===== Information shown =====
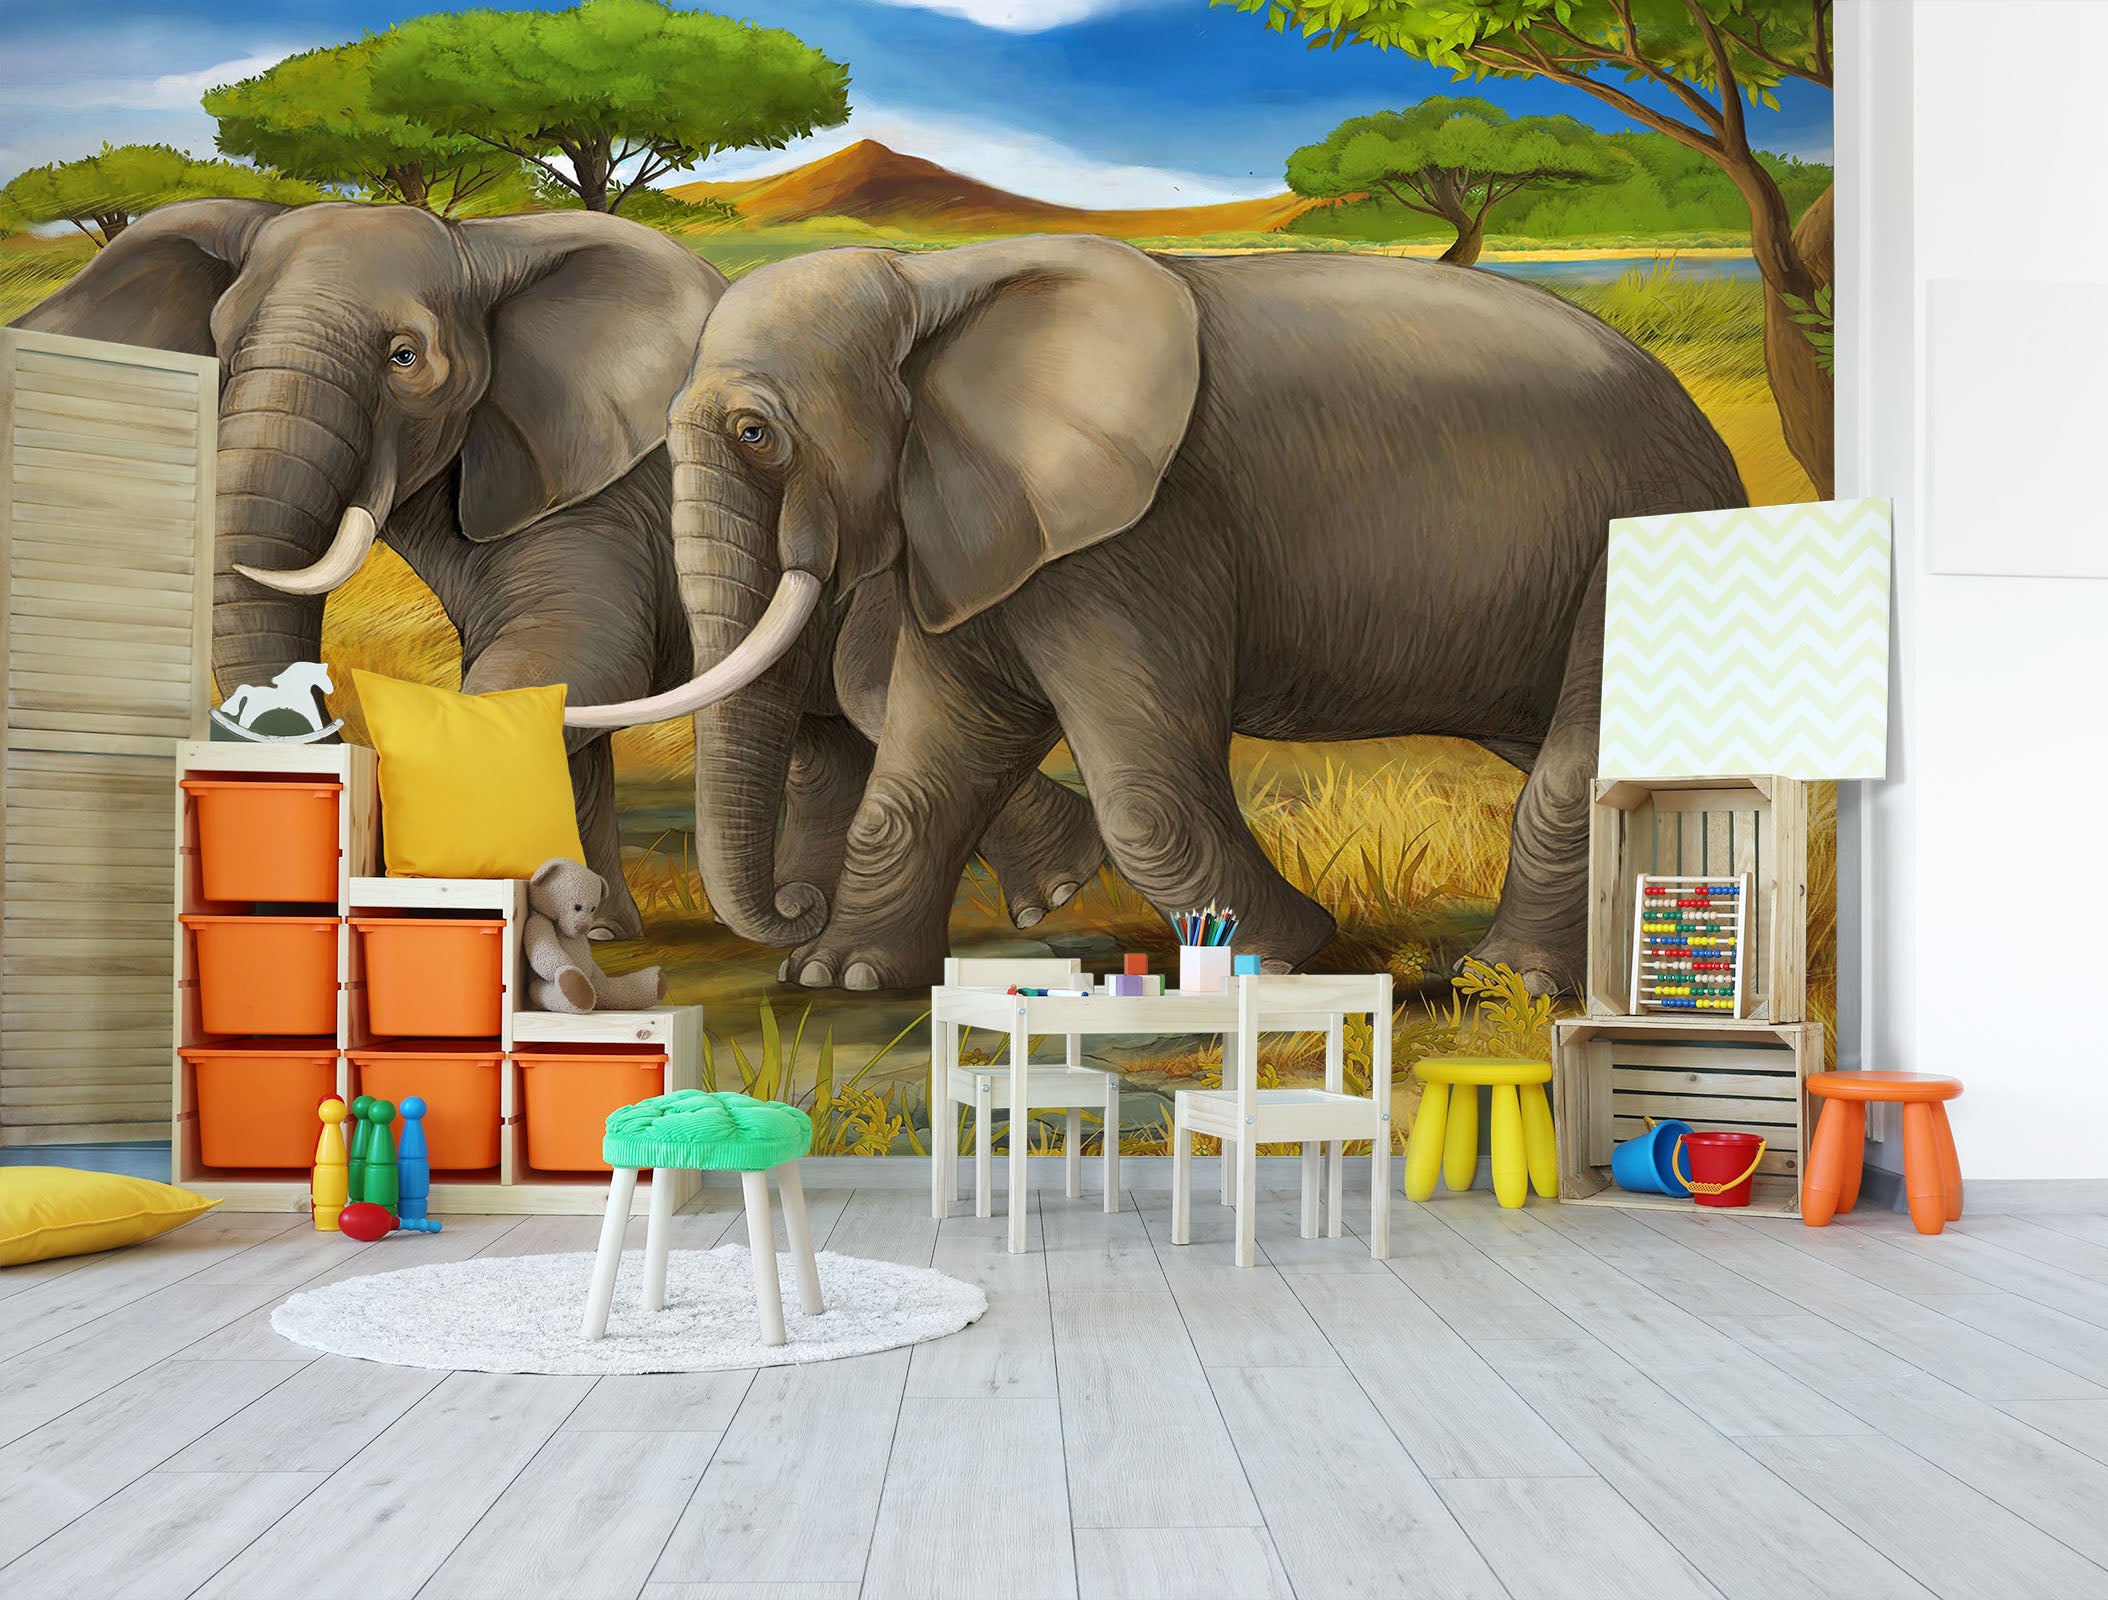 3D Steppe Elephant 293 Wall Murals
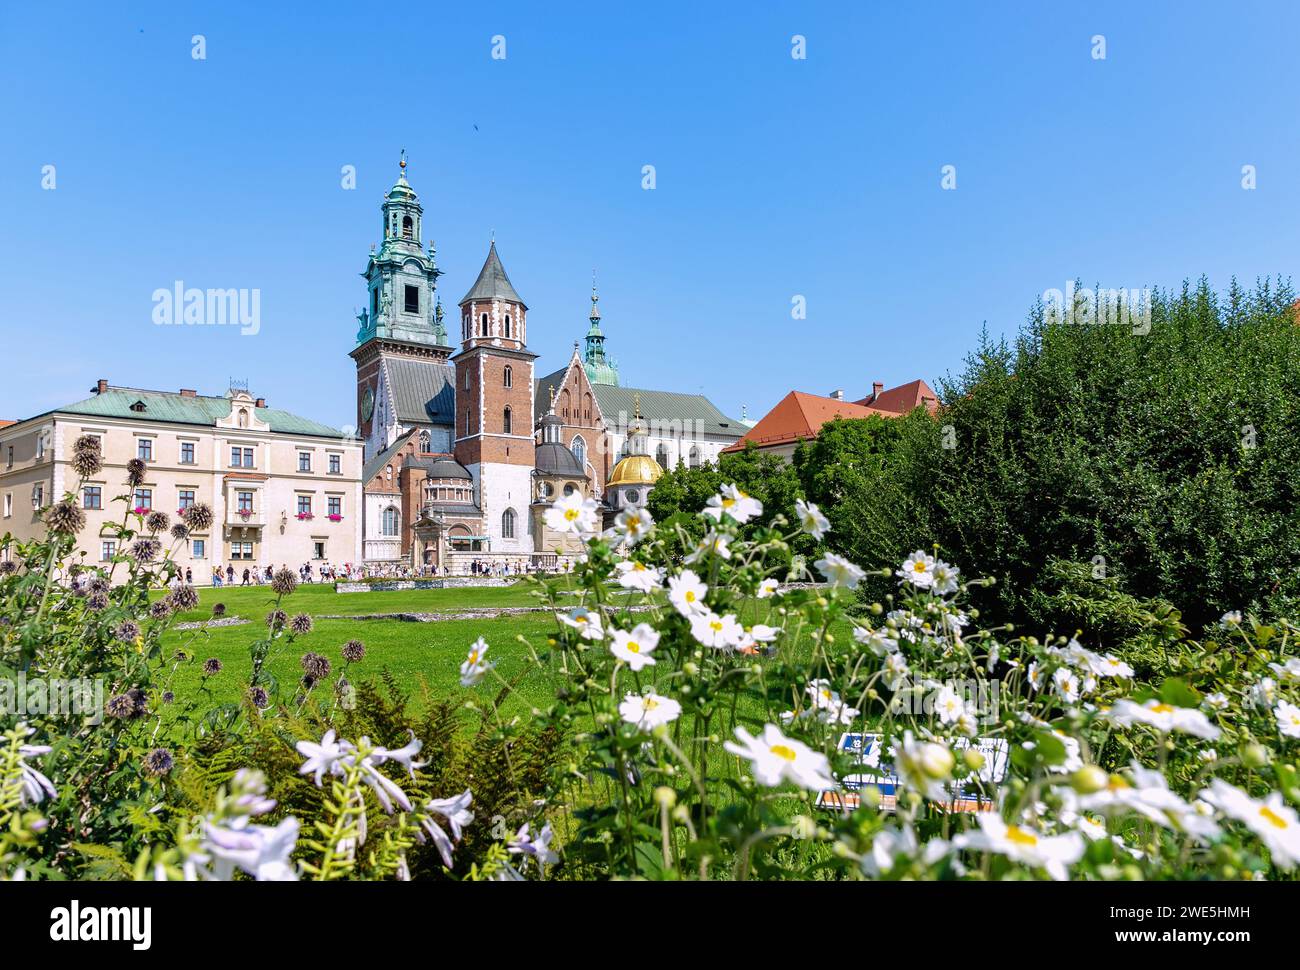 Wawel Plateau (Wzgórze Wawelskie) with cathedral and Sigismund&#39;s Chapel (Kaplica Zygmuntowska) in the old town of Kraków in Poland Stock Photo
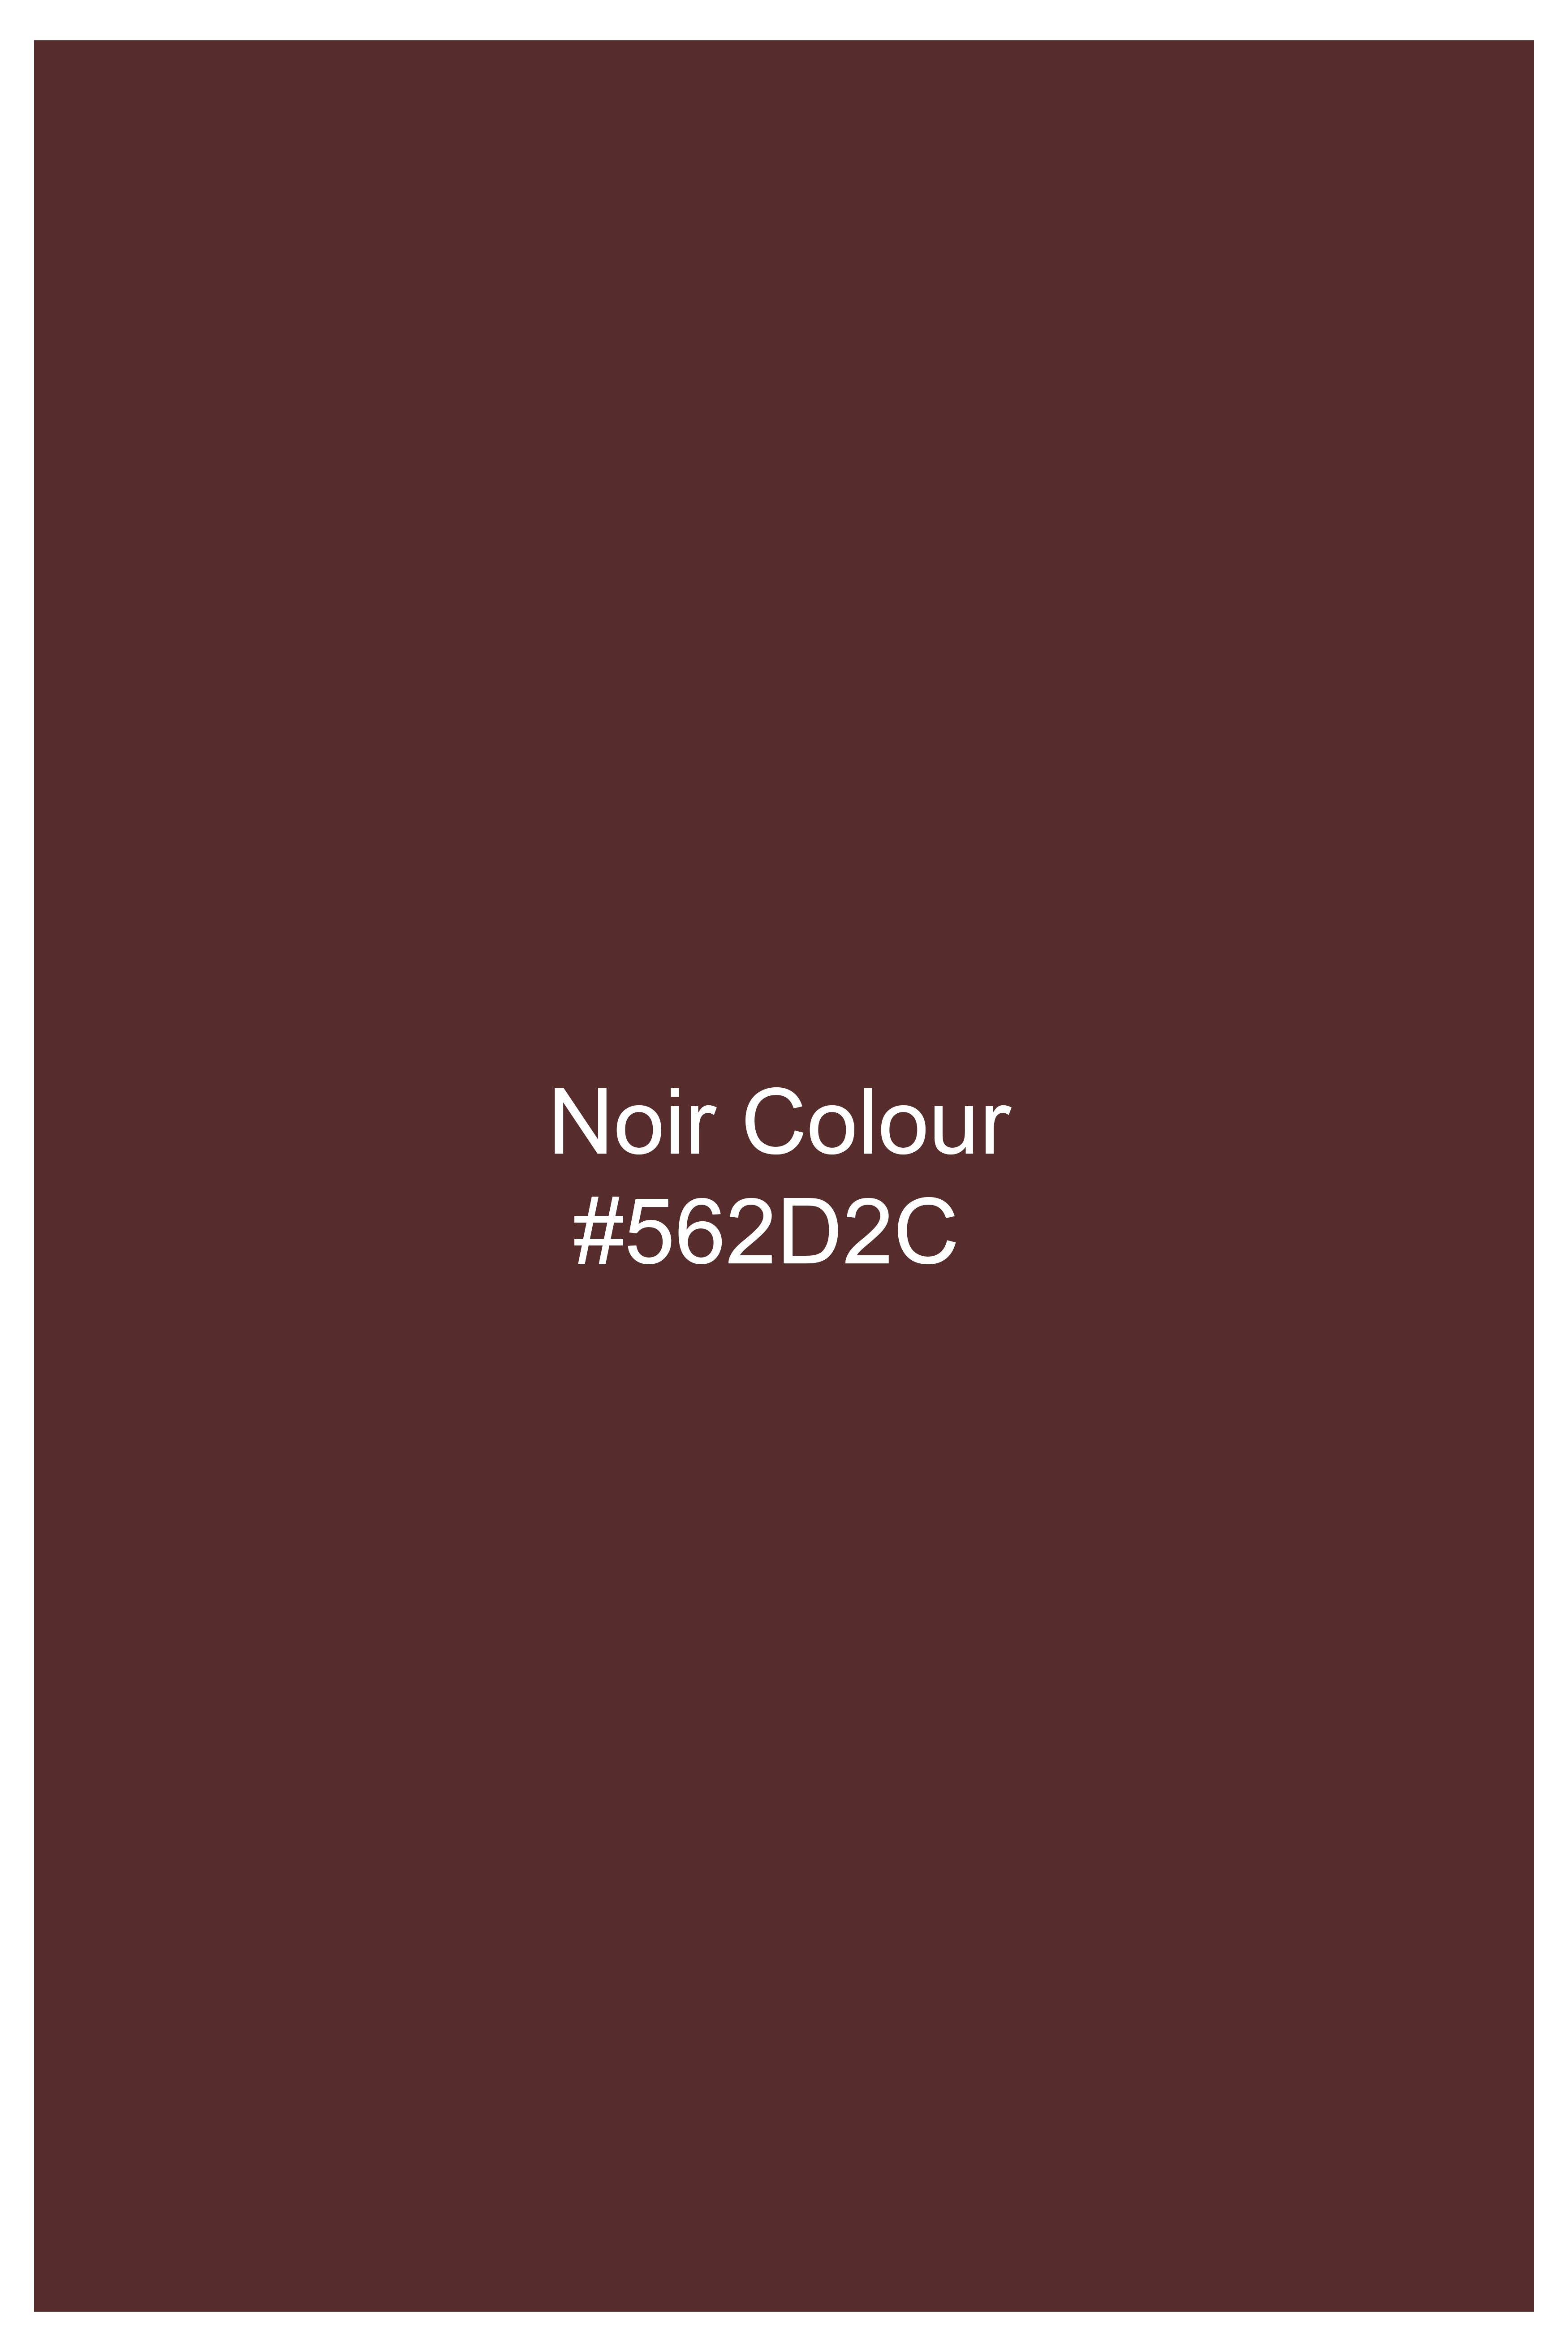 Noir Brown Tweed Waistcoat V2732-36, V2732-38, V2732-40, V2732-42, V2732-44, V2732-46, V2732-48, V2732-50, V2732-52, V2732-54, V2732-56, V2732-58, V2732-60
=====
Instructions for the task - I would like the data above transcribed exactly, with its pictures left out.

Solution to the problem -
 3D Steppe Elephant 293 Wall Murals
 Wawel Plateau (Wzgórze Wawelskie) with cathedral and Sigismund&#39;s Chapel (Kaplica Zygmuntowska) in the old town of Kraków in Poland Stock Photo
 Noir Brown Tweed Waistcoat V2732-36, V2732-38, V2732-40, V2732-42, V2732-44, V2732-46, V2732-48, V2732-50, V2732-52, V2732-54, V2732-56, V2732-58, V2732-60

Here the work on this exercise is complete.